(Data shown)

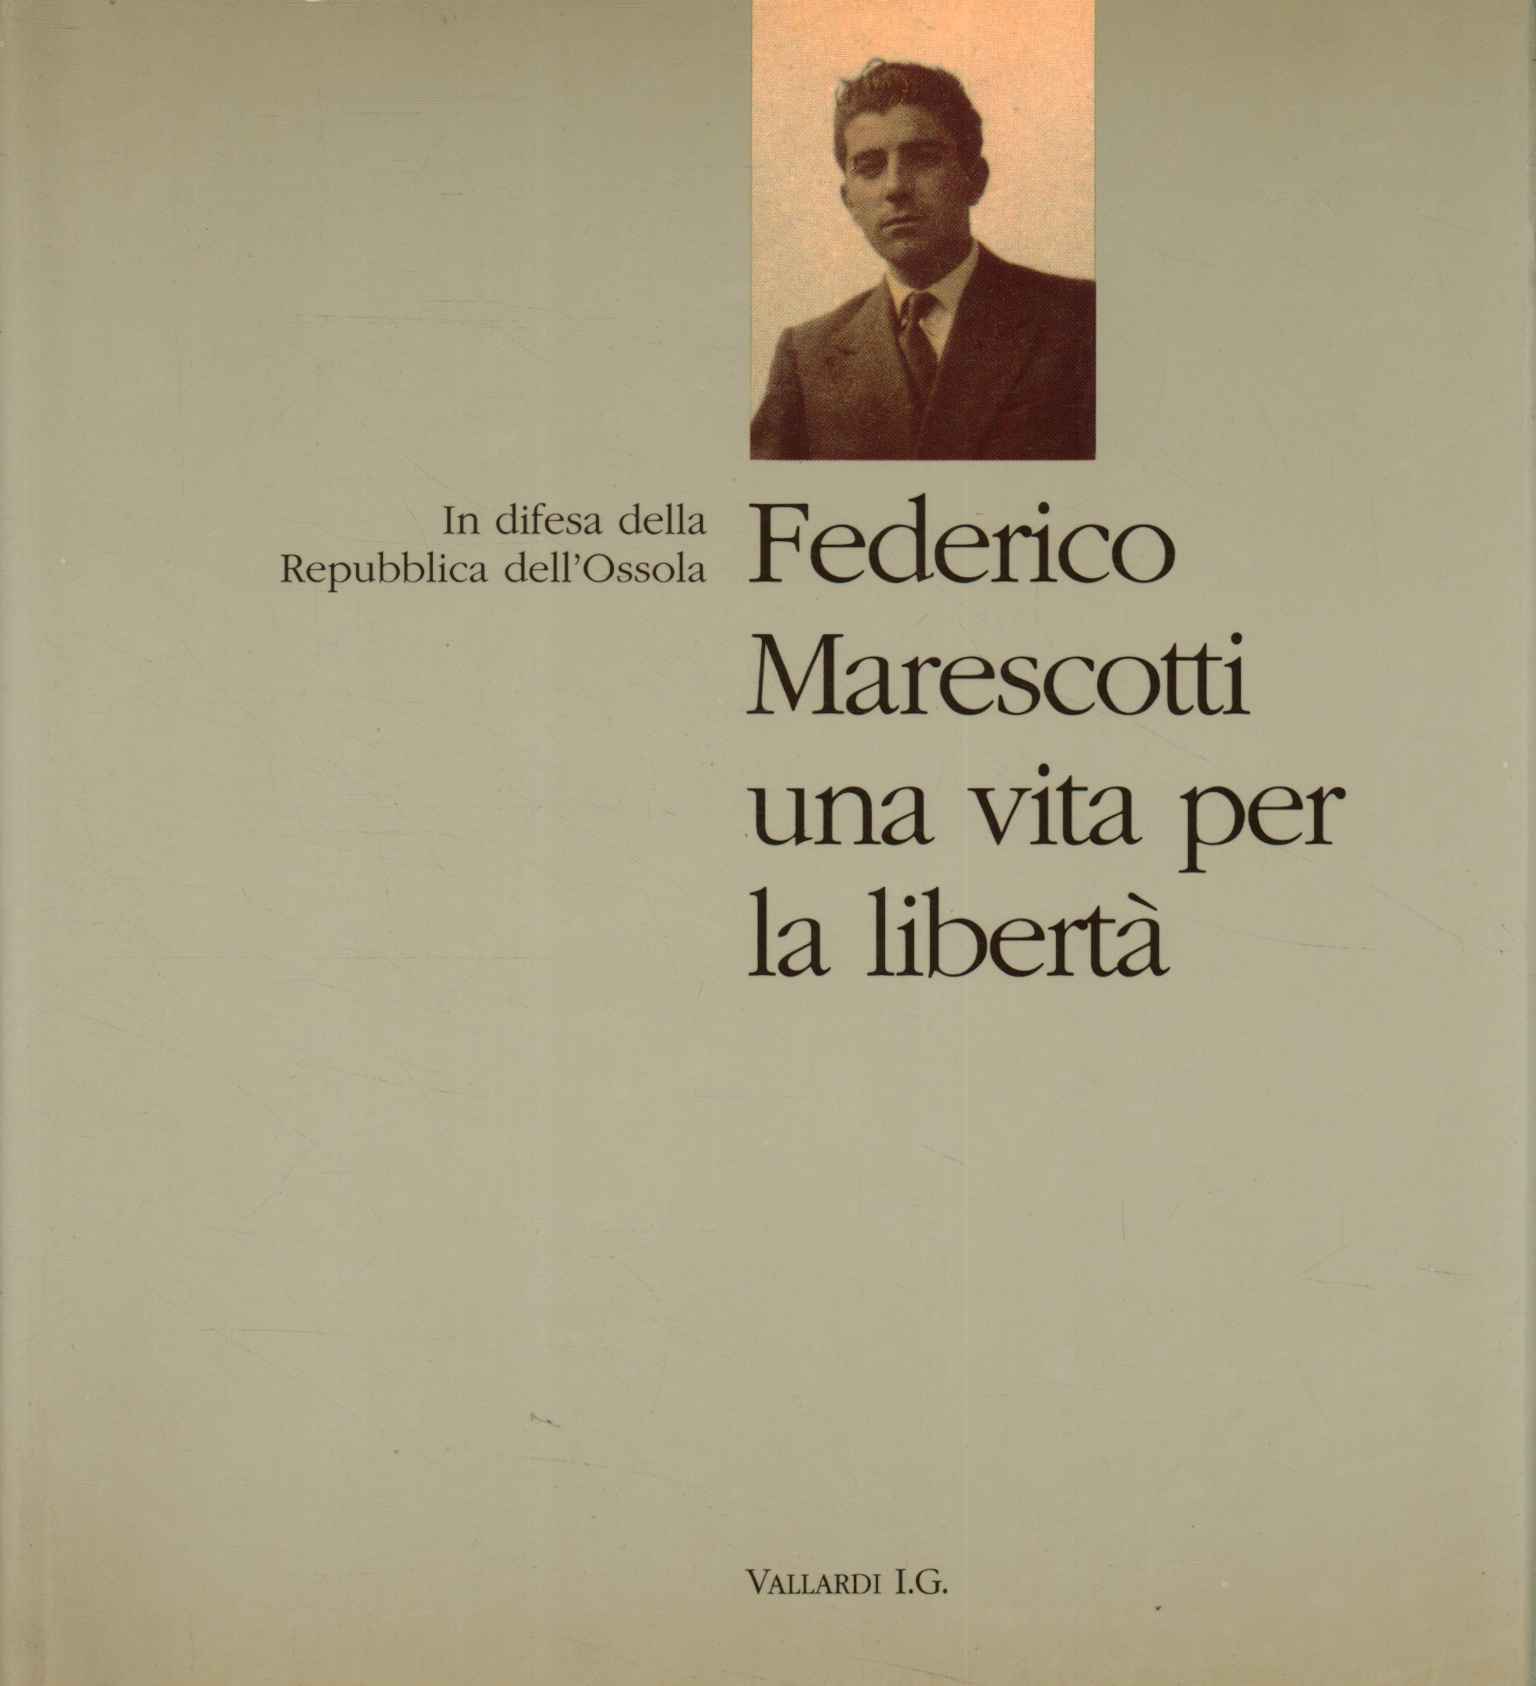 Federico Marescotti: a life for the l
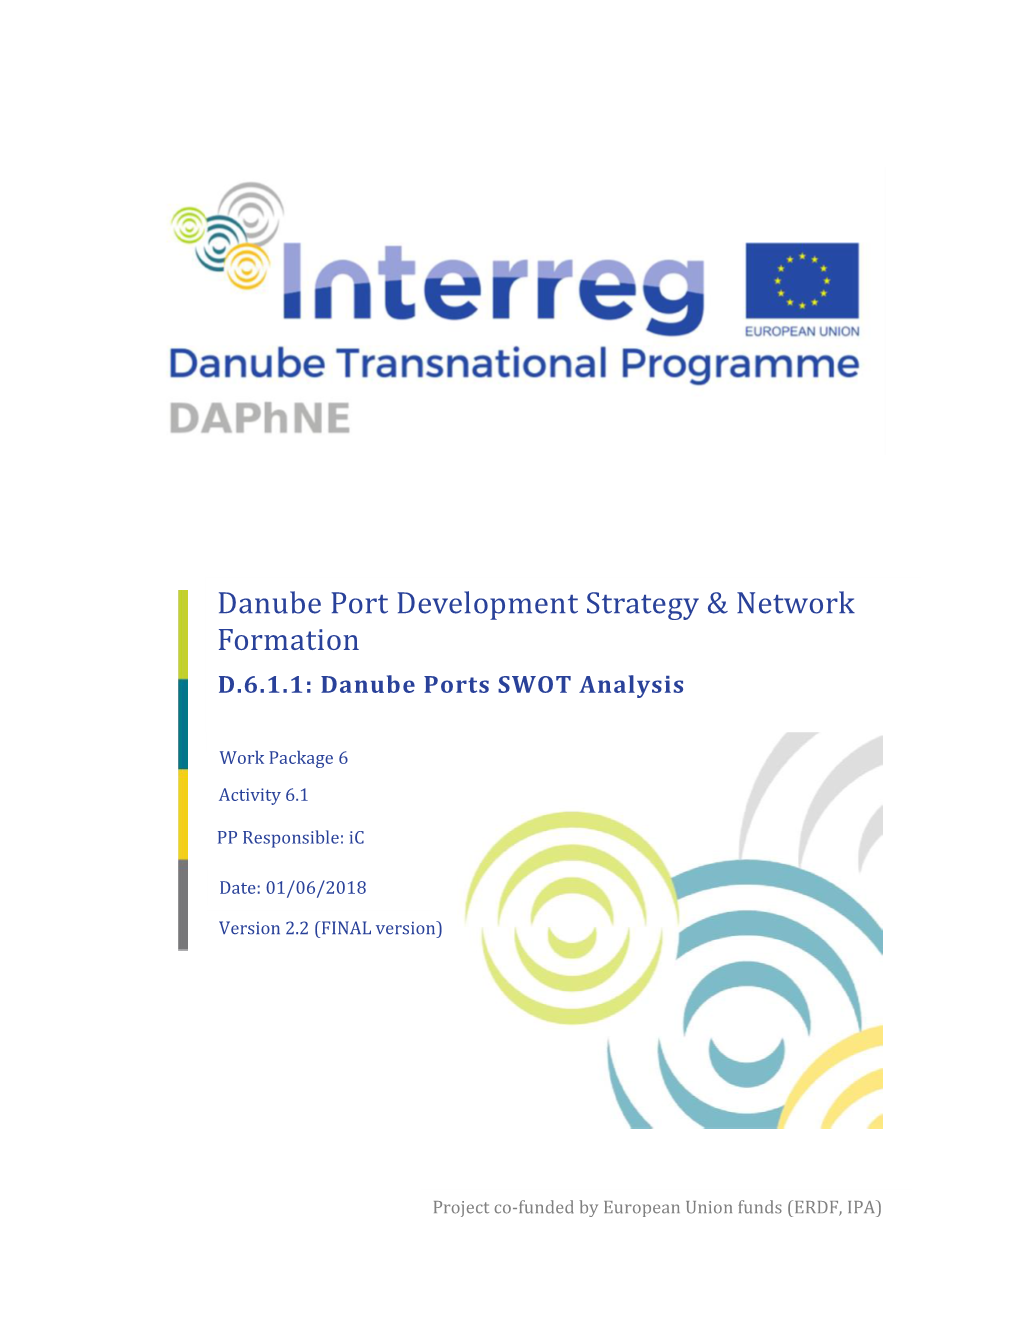 Danube Port Development Strategy & Network Formation
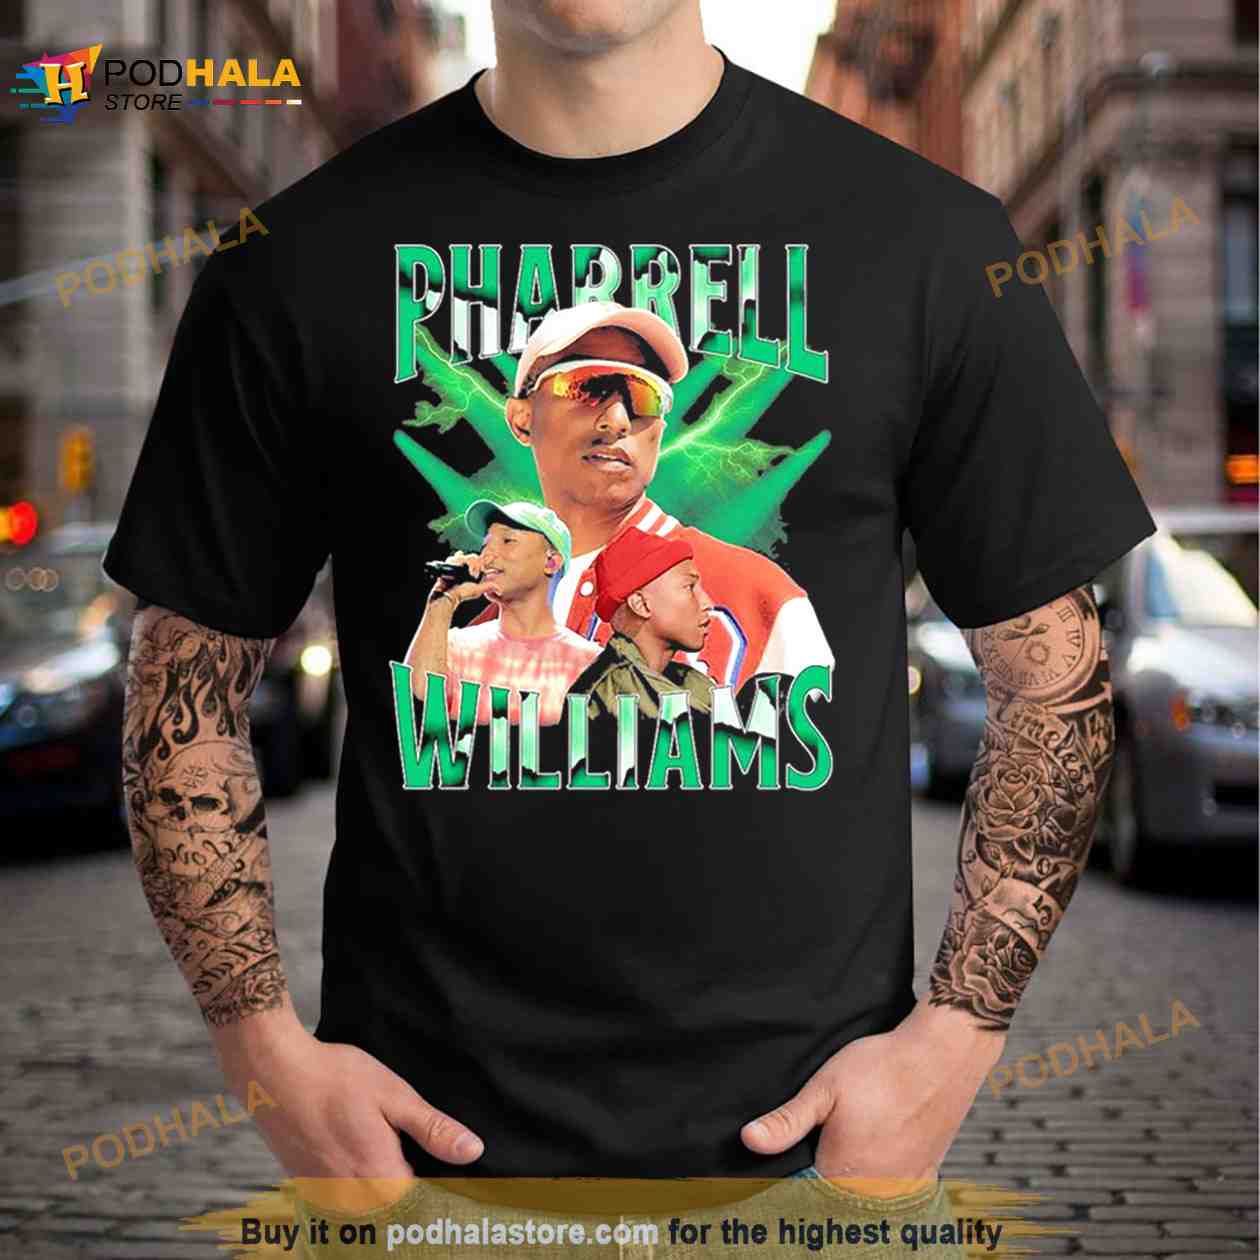 Pharrell Williams Shirt

(End Data shown)

**What to produce**. Repeat the data above exactly; images are not part of the copy.

**Response**.
 Federico Marescotti: a life for the l
 Danube Port Development Strategy & Network Formation
 Pharrell Williams Shirt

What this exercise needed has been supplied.